つまり、普通のレシピでかなり理想的なあんずジャムを作ってしまった。
ただ、この結果だけを受けて「本気めんどくさ仕込みのレシピはよろしくない」という結論は導かれない。むしろ「本気めんどくさ仕込み」の「本気のめんどくささ」が、ここから始まる。
正直なところ、オーブンドライの工程が加わる程度のことなら、マジめんどくさっていう程のこともないなと侮っていた。
いや、実際に手間は大したことない。マーマレードを煮ることを考えれば手間のうちに入らないと言っていい。
ただ、オーブンドライは新たに「勘」の入り込む余地を生んでしまった。
これが、めんどくささの根源だ。
要は何℃で何分オーブンに入れるかということなんだけど、最適な条件はそのときどきの材料によっても異なってしまう。レシピに「ときどき覗いてみて判断してください」としれっと書いてあるが、これこそ「勘」である。
ちなみに今回は100℃で1時間に設定したが、ときどき覗いて判断しようにも初めてでは判断材料もなく、とりあえず丸1時間オーブンに入れた。
失敗というわけではない。普通のレシピに比べて濃厚な香り、豊かな風味があり、これはこれで相当に美味い。ただ、色が悪くなってしまったのと、酸味も濃縮されてしまってとても酸っぱい。おそらく「勘どころ」を逸してしまったのだ。
そして「勘」とは複雑系の中で試行錯誤の経験から導かれる最適解だ。それは毎回の試行を反芻することでしか醸成されない。
煮ているあいだ灰汁がほとんど出なかった。普通のレシピではかなりもこもこ出てきたのに。
これは灰汁が無くなったというよりは、煮はじめる時点で水分が少ない(粘度が高い)ため浮いて来なかったのではないかと考えている。材料は同じなのだから、普通のレシピでは取り除いた灰汁も成分として含んだまま仕上げたことになっているのではないか。
もちろんそれが「豊かな風味」を作っている可能性もあり、実際に普通のレシピはとてもあっさりと仕上がっている。
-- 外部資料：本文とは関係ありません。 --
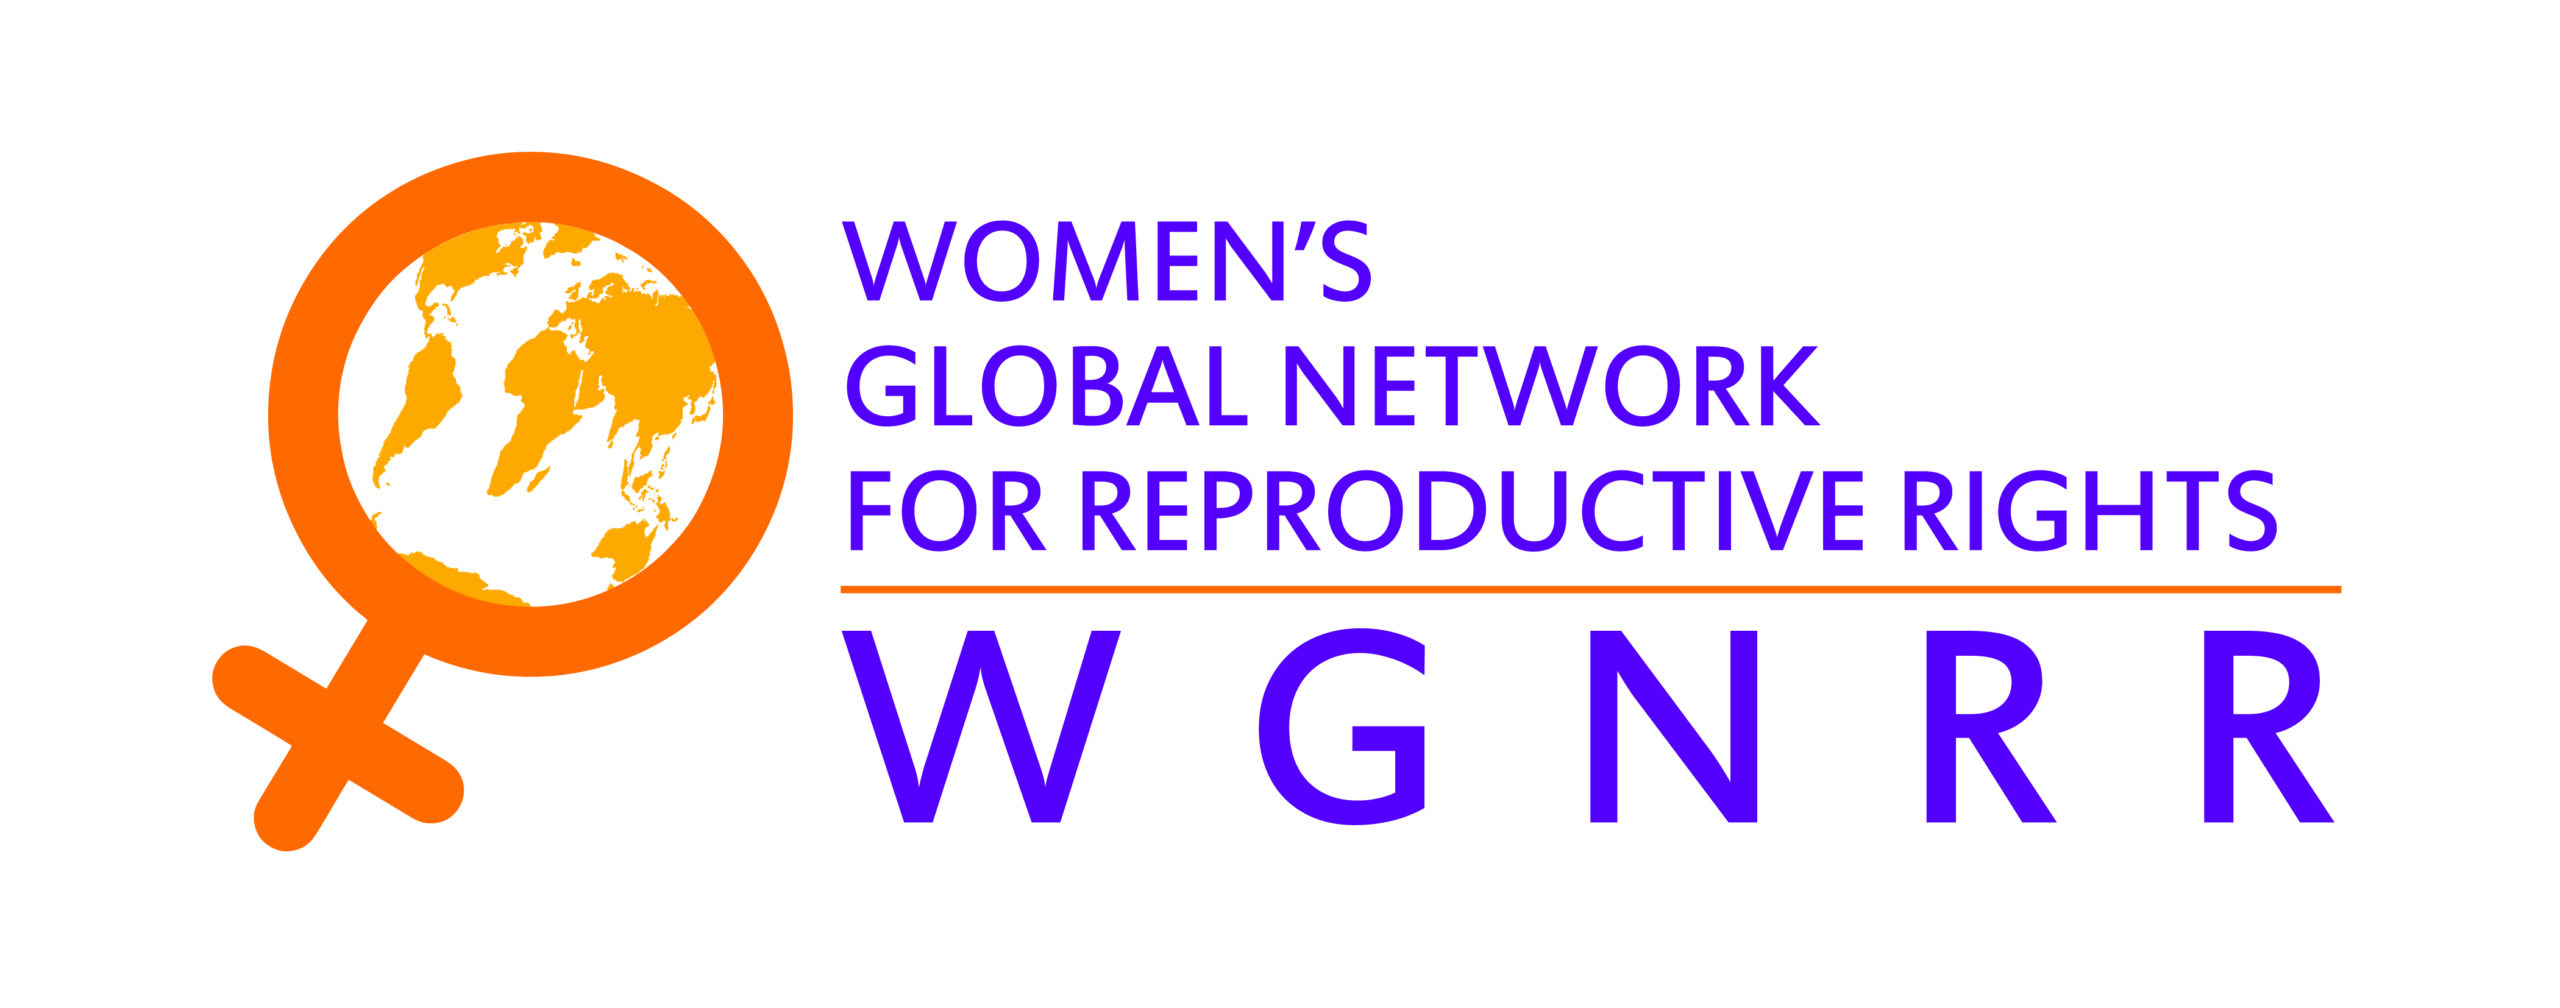 WGNRR - Women's Global Network for Reproductive Rights

(これも美味い)
購入したほぼ日のあんずジャムもこの「豊かな風味」に惚れたのであって、それを除いてしまっては本末転倒である。
とは言え、泡として浮いてきた灰汁は丁寧に取っておかないと見た目の美しさを損なってしまう。
また、オーブンドライ後のあんずは、煮る時間が非常に短い。はじめから水分が少ないのだから当然といえば当然だが、それにしても10分弱しか煮ていない。それでも少し煮詰め過ぎた感じになり、風味も濃いが酸味も濃縮されてしまった。ちなみに普通のレシピでは煮た時間は20分程度で、余裕をもって火から下ろすタイミングを判断できた。
総合すると、色の悪さと酸味はオーブンの時間が長く乾燥が進み過ぎたこと、それに起因して煮詰め過ぎたことが原因ではないか。
例えば30分に縮めれば変色を防ぎつつ濃厚な香りを残し、かつ煮る際の取り扱いも容易で酸味や甘みのバランスも良くなるかもしれない。間をとって45分くらいが最適なのかもしれない。「ときどき覗いて判断」するにしても何をもって判断すれば良いのか。
温度はどうか。少し低め、95℃とかの方がよい?
むしろ105℃で短時間という線は?天板の位置は?
と、いろいろやってみなくてはいけないのか…
これは、本気でめんどくさい。(ニヤニヤ)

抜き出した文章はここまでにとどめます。